CIDADES
Jovens são 50% das pessoas vivendo com HIV em MG
Quando a assistente social Heliana Moura descobriu a infecção pelo Vírus da Imunodeficiência Humana (HIV), ela tinha 26 anos de idade. Foi após um término de namoro que a notícia chegou: o ex-companheiro era soropositivo, e o sexo sem camisinha é uma das formas de transmissão. Heliana se assustou ao perceber que, mesmo mulher, saudável e em um relacionamento hétero e estável, havia se infectado. “Ainda temos pouca informação sobre o HIV. Eu acreditava em grupos de risco, o que hoje sei que não existem. Todos somos vulneráveis da mesma forma quando transamos sem proteção”, diz.

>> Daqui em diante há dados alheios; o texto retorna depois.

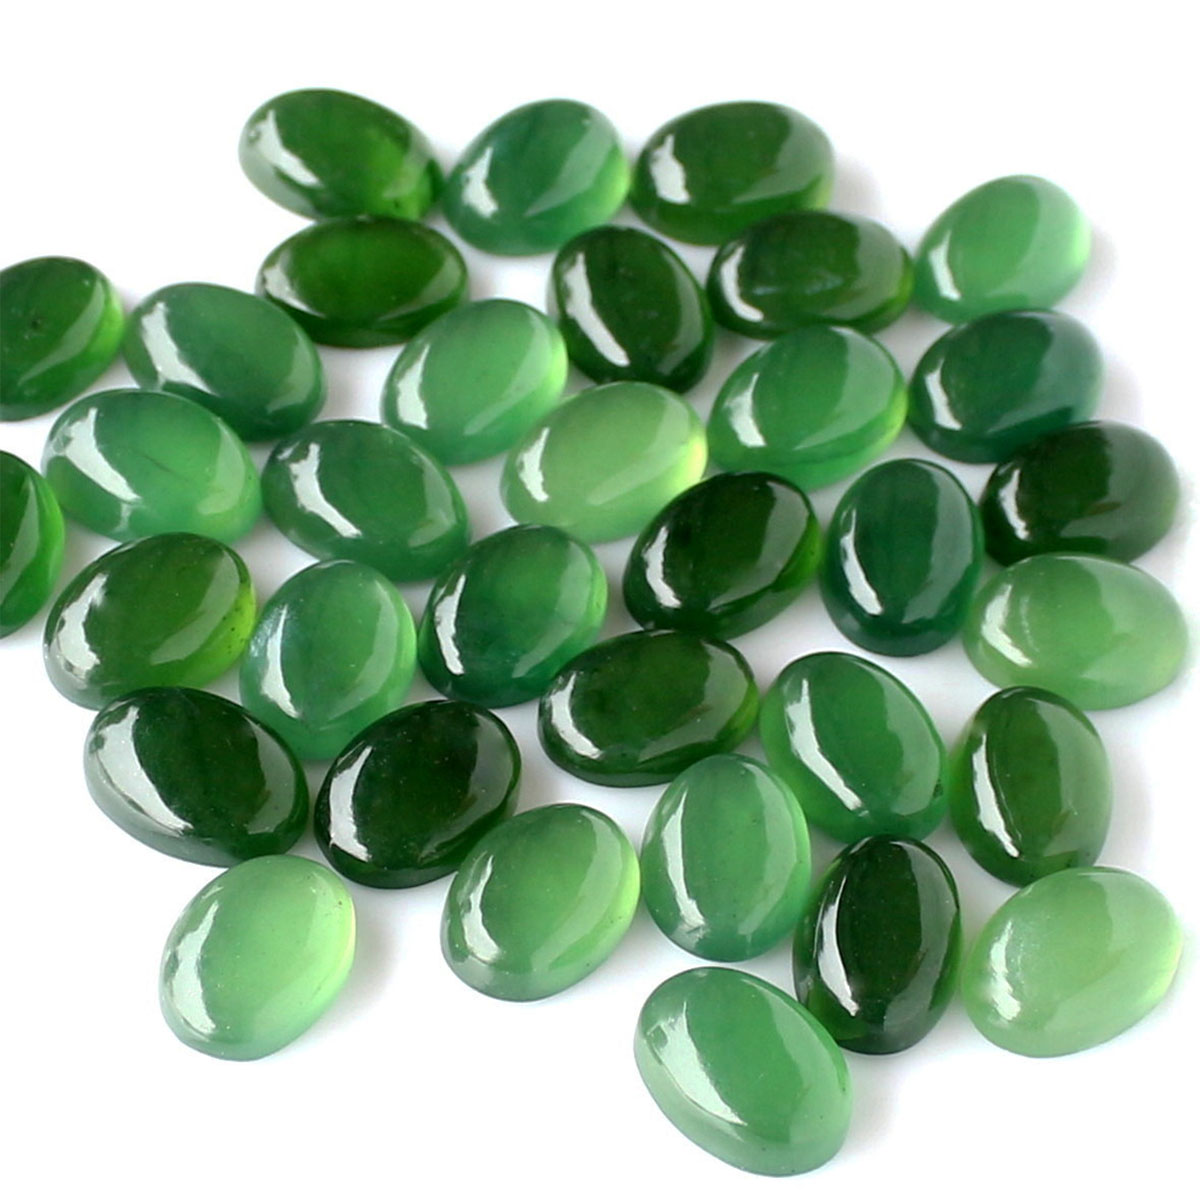 Calibrated jade cabochons

A descoberta da infecção na faixa dos 20 anos, como aconteceu com Heliana, é a mais comum dentro da população de pessoas que vivem com HIV (o vírus) e Aids (a doença). Segundo dados da Secretaria de Estado de Saúde de Minas Gerais (SES-MG), de 1º de janeiro de 2021 a 16 de novembro de 2023, 6.529 pessoas de 20 a 34 anos receberam diagnóstico de HIV/Aids no Estado. O grupo representa 50% do total – foram 12,9 mil notificações nos últimos três anos. Esta sexta-feira (1º de dezembro) é o Dia Mundial de Luta Contra a Aids, e a conscientização e prevenção na juventude é um dos gargalos que continuam a marcar a história da doença.

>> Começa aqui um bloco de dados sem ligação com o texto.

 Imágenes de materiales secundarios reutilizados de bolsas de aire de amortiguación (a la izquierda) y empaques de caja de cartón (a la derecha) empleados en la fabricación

Segundo o infectologista Unaí Tupinambás, os jovens-adultos estão mais propícios a se infectar pelo vírus HIV como por qualquer outra doença sexualmente transmissível (IST). Ele avalia que, a falta de campanhas de conscientização tem postergado o problema. “Essa estatística se reflete em todo o país, com presença de casos também entre adolescentes na faixa dos 15 a 17 anos. É uma fase de vida sexual ativa e onde ainda falta educação sexual. Passamos por um período de desfinanciamento do Sistema Único de Saúde (SUS) e isso tem consequência. O Programa Saúde na Escola, que levava informação sobre HIV e Aids, foi proibido de tratar sobre educação sexual. Na mídia, as campanhas de conscientização desapareceram”, afirma.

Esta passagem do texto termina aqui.